La tendance fiscale est inquiétante au sein de l’OCDE. Pour la quatrième année consécutive, les taux effectifs d’imposition des revenus du travail ont augmenté pour un célibataire au salaire moyen dans la majorité des 38 pays membres.

Mais le plus important pour la compétitivité de la Suisse porte sur le «coin fiscal» (Wedge). Ce critère n’est pas dérisoire dans les décisions de localisation des investissements et dans l’incitation au travail. Le coin fiscal se calcule en prenant le total de l’impôt sur le revenu des personnes physiques, des cotisations de sécurité sociale (salariés et employeurs), des taxes sur les salaires, moins les prestations perçues par les familles, et il est exprimé en pourcentage des coûts de main d’oeuvre.

Le coin fiscal s’est majoritairement accru en 2025 dans l’OCDE (de 0,15 ppt à 35,1% en moyenne). Le niveau actuel est le plus élevé depuis 2016. Si le plus élevé se trouve en Belgique (52,5%), il est parmi les plus bas en Suisse avec un taux de 23%. Le coin fiscal est en effet supérieur à 45% de la rémunération nette du salarié (célibataire sans enfant) en Allemagne, en France, en Italie. 

Non seulement le coin fiscal suisse  est la moitié plus bas que chez nos voisins et le plus bas en Europe, mais il est également nettement inférieur à celui des Etats-Unis (30%). Seuls font mieux la Colombie (0%), le Chili (7,5%), la Nouvelle-Zélande (20,8%) et le Mexique (21,7%).

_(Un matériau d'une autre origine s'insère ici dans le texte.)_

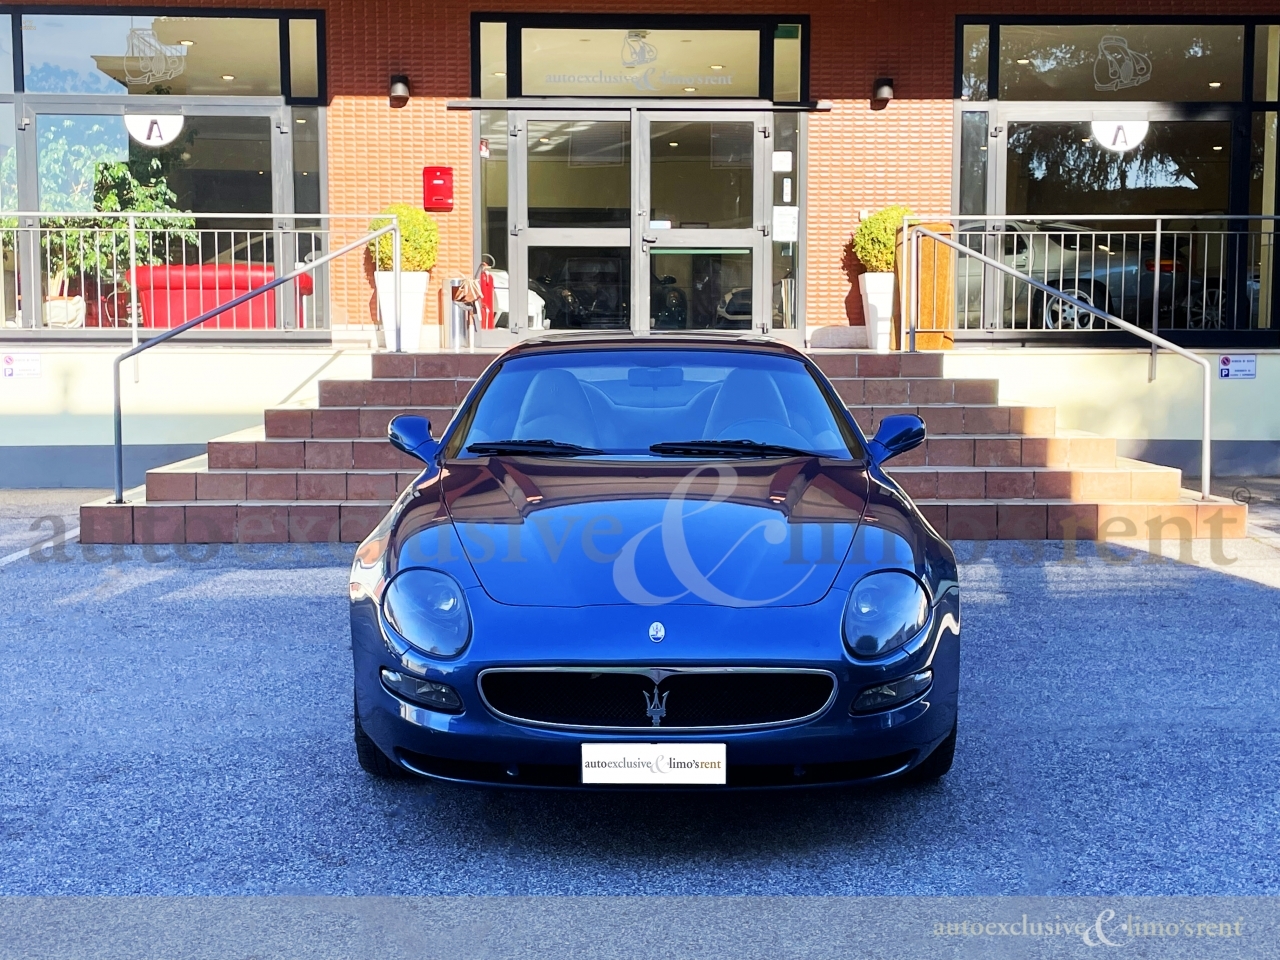 car-21933-Maserati_Coupe_42__V8_32V_Cambiocorsa-8-.jpg

L’atout des cotisations patronales en Suisse

Si l’on décompose le coin fiscal de la Suisse, il apparaît qu’en pourcentage des coûts de la main d’oeuvre, l’impôt sur le revenu est relativement bas à 10,9% (14,2% en Allemagne et 12,2% en France), mais l’écart avec nos voisins se situe surtout au sein des cotisations salariales, avec 6% (17,8% en Allemagne et 8,3% en France), et davantage encore dans les cotisations patronales de 6% (17,3% en Allemagne et 26,7% en France).

Tandis que les pays industrialisés souffrent d’une évolution démographique défavorable, on note que le coin fiscal a augmenté davantage pour les ménages avec enfants que pour les célibataires. Le coin fiscal suisse est également compétitif pour les ménages avec deux salaires et deux enfants (17,1%), par rapport à une moyenne de 29,8% dans l’OCDE, au taux de 42,6% en Allemagne, de 41% en France et de 24,6% aux Etats-Unis.

Depuis le début du siècle, le coin fiscal a tendance à légèrement diminuer dans l’OCDE, soit de 33,1% en moyenne en 2000 à 31,3% en 2025. Mais en Suisse il est presque stable (20,2% en 2000 et 20,1% en 2025).

Un des éléments clés de ce rapport s’intéresse à l’incitation au travail à travers le taux moyen d’imposition des personnes physiques (impôt sur le revenu et cotisations salariales en pourcentage du salaire brut). La Suisse tire son épingle du jeu avec 18,1%, contre 25,1% en moyenne dans l’OCDE (pour un célibataire sans enfant). 

Ce n’est finalement pas une surprise si la Suisse présente le salaire brut en dollars en parité du pouvoir d’achat le plus élevé (106'532 dollars), devant l’Allemagne (93'985 dollars) et le Luxembourg (93'203 dollars). Les Etats-Unis n’occupent que le 14e rang (73'520 dollars), la France le 17e rang (67'273 dollars).

La dernière étude de l’OCDE souligne les atouts libéraux que conserve encore la Suisse: une fiscalité relativement raisonnable, le respect de la propriété privée, sa force d’innovation, son système de formation duale et son esprit d’entreprise ainsi que ses institutions. Le faible endettement, la forte proportion de jeunes en emplois et le niveau de production plus élevé qu’ailleurs ne sont que les conséquences de ces atouts.